# Yard/stables/livery Wanted!



## celticcob (29 July 2013)

Looking for a small yard,livery or stables set up for 4 large horses. Ideally with grazing, hacking and schooling area. For reliable, experienced owner who produces horses for showing. I am completely self sufficient and very capable of upkeeping a yard and maintanence. Would consider more or less stabling and facilities. Looking for somewhere as close to the Forth road bridges as possible. 
Please email kookie1988@hotmail.co.uk


----------



## celticcob (12 August 2013)

Still looking! Will pay up the £100 per stable!
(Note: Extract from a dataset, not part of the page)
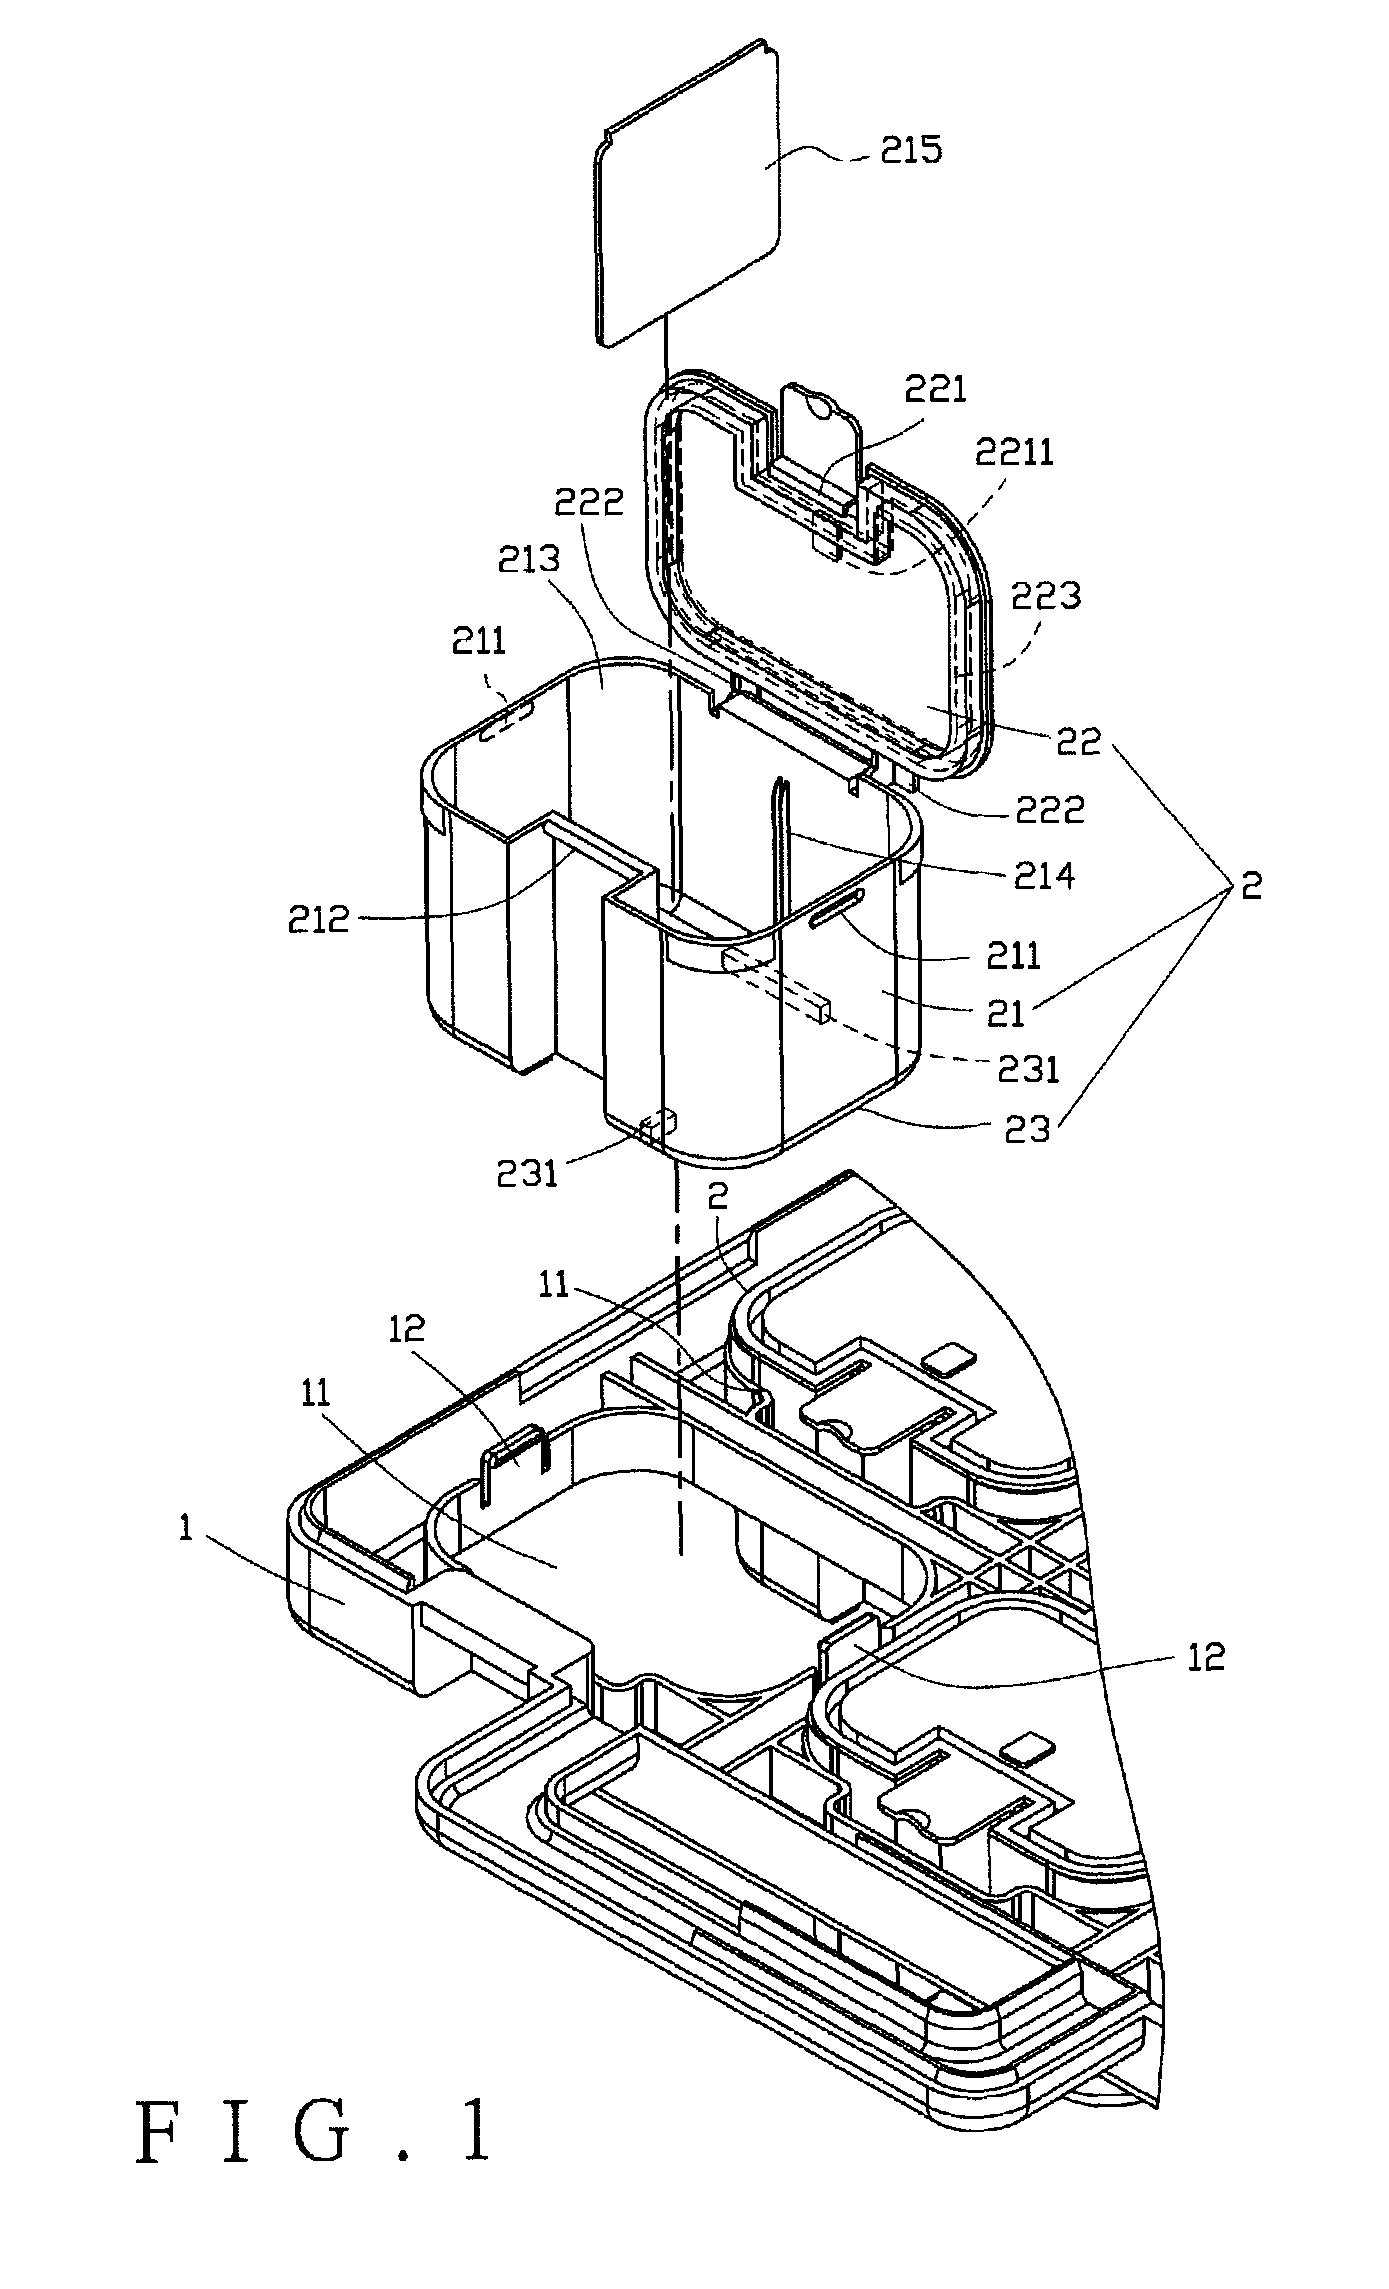 Carrier unit for carrying parts boxes

Happy to school in a field if need be . . .


----------



## Hoofit (12 August 2013)

www.lochviewstables.co.uk 
Its a full livery yard


----------



## celticcob (30 August 2013)

Still looking.


----------



## MotherOfChickens (30 August 2013)

message forthview on here, not sure if he's filled his yet


----------



## MotherOfChickens (30 August 2013)

I also know of somewhere with good facilities for up to 3 animals but its 6 miles south of Haddington-possible cottage for rent as well if required.


----------



## celticcob (30 August 2013)

Thanks motherofchickens, Haddington is, unfortunately, too far away. But I will message forthview


----------



## Radar Lugs (5 September 2013)

HI Celticob,

I am at a new livery yard between Dunfermline and Saline, which does full livery only but within your price range. Not far from the forth bridges. Large indoor school and big internal stables. Outside it's still a work in progress but the staff are lovely. I know you wanted a smaller yard but this one is only starting out and is very quiet at the moment so may suite you. 
It's called Dollar Equestrian. Have a look at the website.


----------